Robot Description and Function:

The robot is the default configuration of a TurtleBot3 Waffle bot, it is a small flat robot consisting of 2 wheels to control the robot, on its top it contains both a LIDAR and RGB camera. The main functionality of this bot will be to recognize people and their faces, and then follow the person. If the robot detects that the person is facing the robot, the robot will come to a stop, and remain stopped till the person has turned away. While following the person, the robot should be able to avoid obstacles in its path and try to maintain visual contact with the person.Due to limitations with tracking reliability and image processing runtime, the robot will maintain a set speed of 0.2 m/s when it is moving.

Person/Facial Recognition

In the simulation, we have a Turtlebot3 Waffle robot with a camera on the font of it, and a fully mobile and animated humanoid model. The human model walks in a predifined path, while the robot follows it around the room. A ROS node subscribes to the image topic produced by the robot’s camera, and processes it using a convolutional neural network to detect the position of faces and people in the image.
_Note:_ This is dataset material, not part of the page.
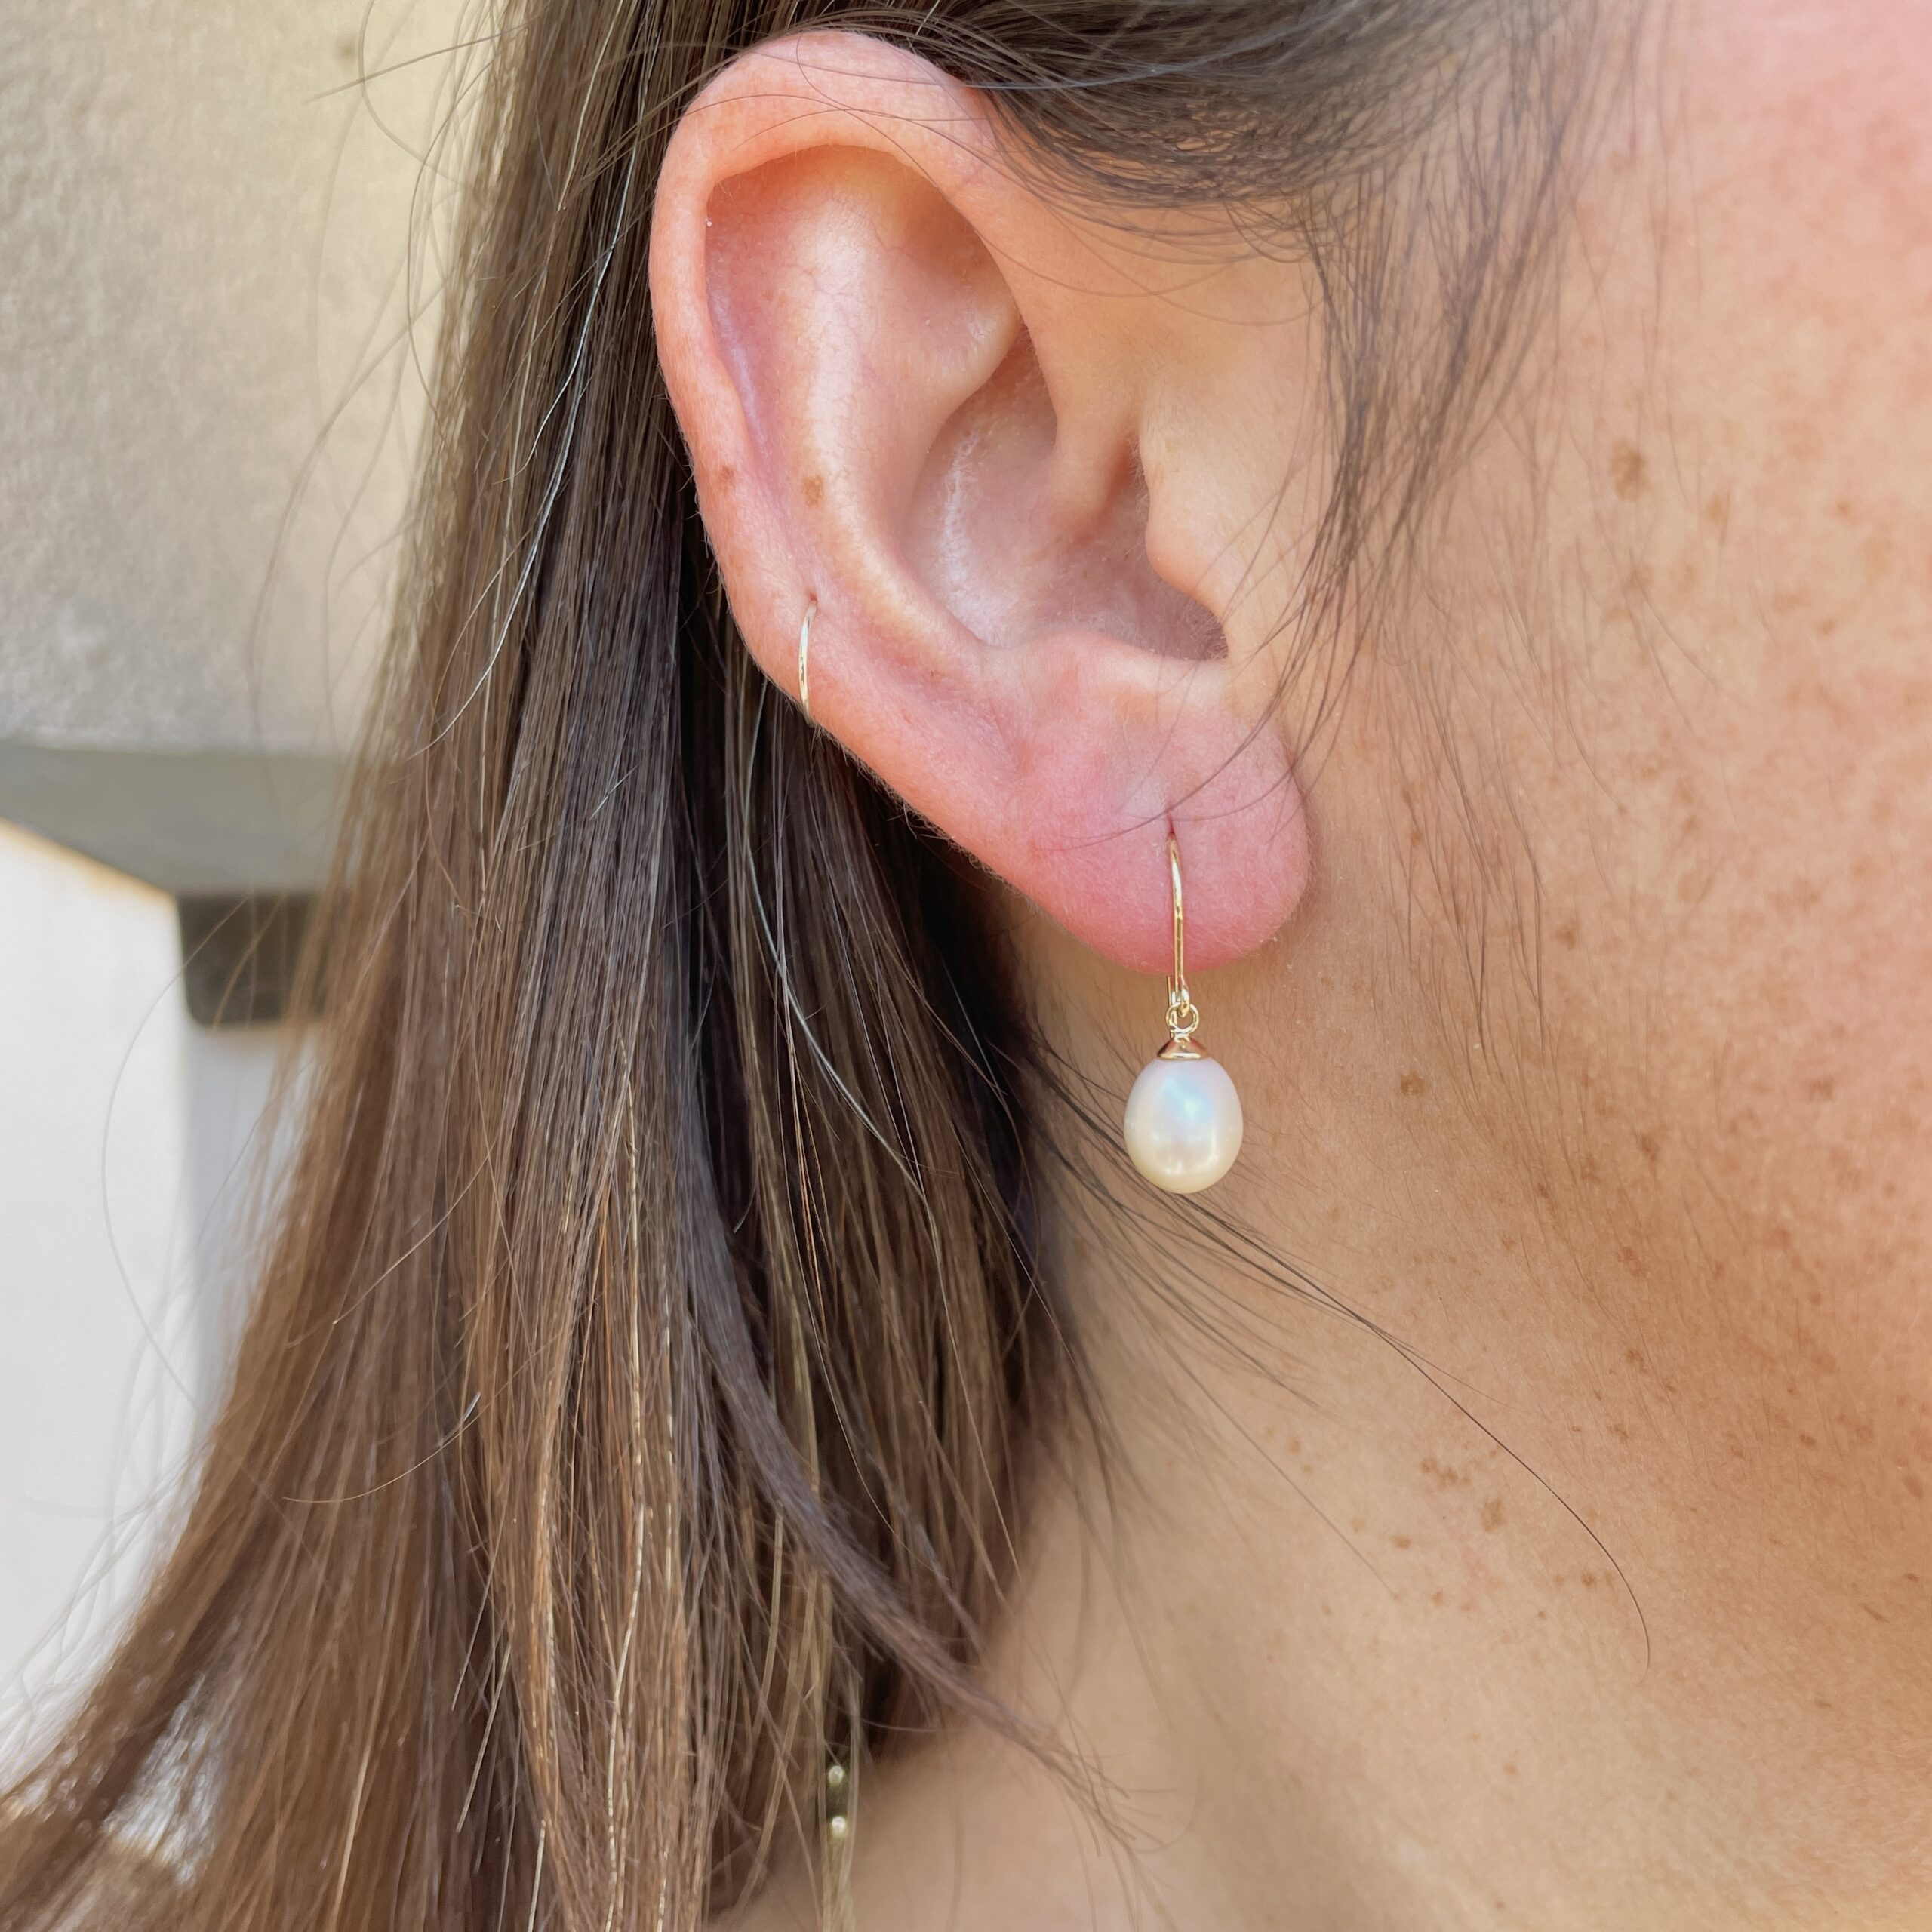 Yellow Gold Freshwater Pearl Drop Earrings

If the processing node detects a person, but not a face in the robot’s camera image it will publish cmd_vel topics to the robot that tell it to follow the person. If the node detects a face in the camera image, it will publish cmd_vel commands telling the robot to stop in place. If the robot detects no people or faces in the camera image, it will publish commands that tell the robot to wander around the map as if to search for new victims.

Model Description

Object Detection for Dummies Part 3: R-CNN Family

The main algorithm for box segmentation of the Gazebo human model’s body and face is implemented with a FasterRCNN from pytorch. For this application the model was fine tuned on just 2 categories: people and faces.

Fine tuning is a practice used in transfer learning, where models that are pretrained for general tasks are allowed to keep their low level layers, and their later layers are trained on a specific dataset.

Fine-tuning with Keras and Deep Learning - PyImageSearch

This works because of the way that neural networks process images. In a neural network, the early layers create representations for simple patterns in the image, such as curves and edges. In the later layers the model starts to be able to recognize higher level points of interest in the image, such as features of the objects that it has been trained to classify and recognize.

With the pretrained Residual Convolutional Network which is the backbone of the FasterRCNN, it is assumed that the model can already recognize faces because it has been trained to recognize people, and the face of a person may be a key factor in determining if there is a person in the section of the image. However, the model has not been trained to specifically recognize faces despite the fact that it likely already recognizes them as a unique feature of a person.

With this assumption, we can simply use the pretrained convolutional network and retrain the RoI detector to output the bounding boxes of faces and people in the image with a minimal amount of fine-tuning.

The higher layer classifier of the model was replaced with newly initialized weights and trained on the 2 categories over 10 epochs.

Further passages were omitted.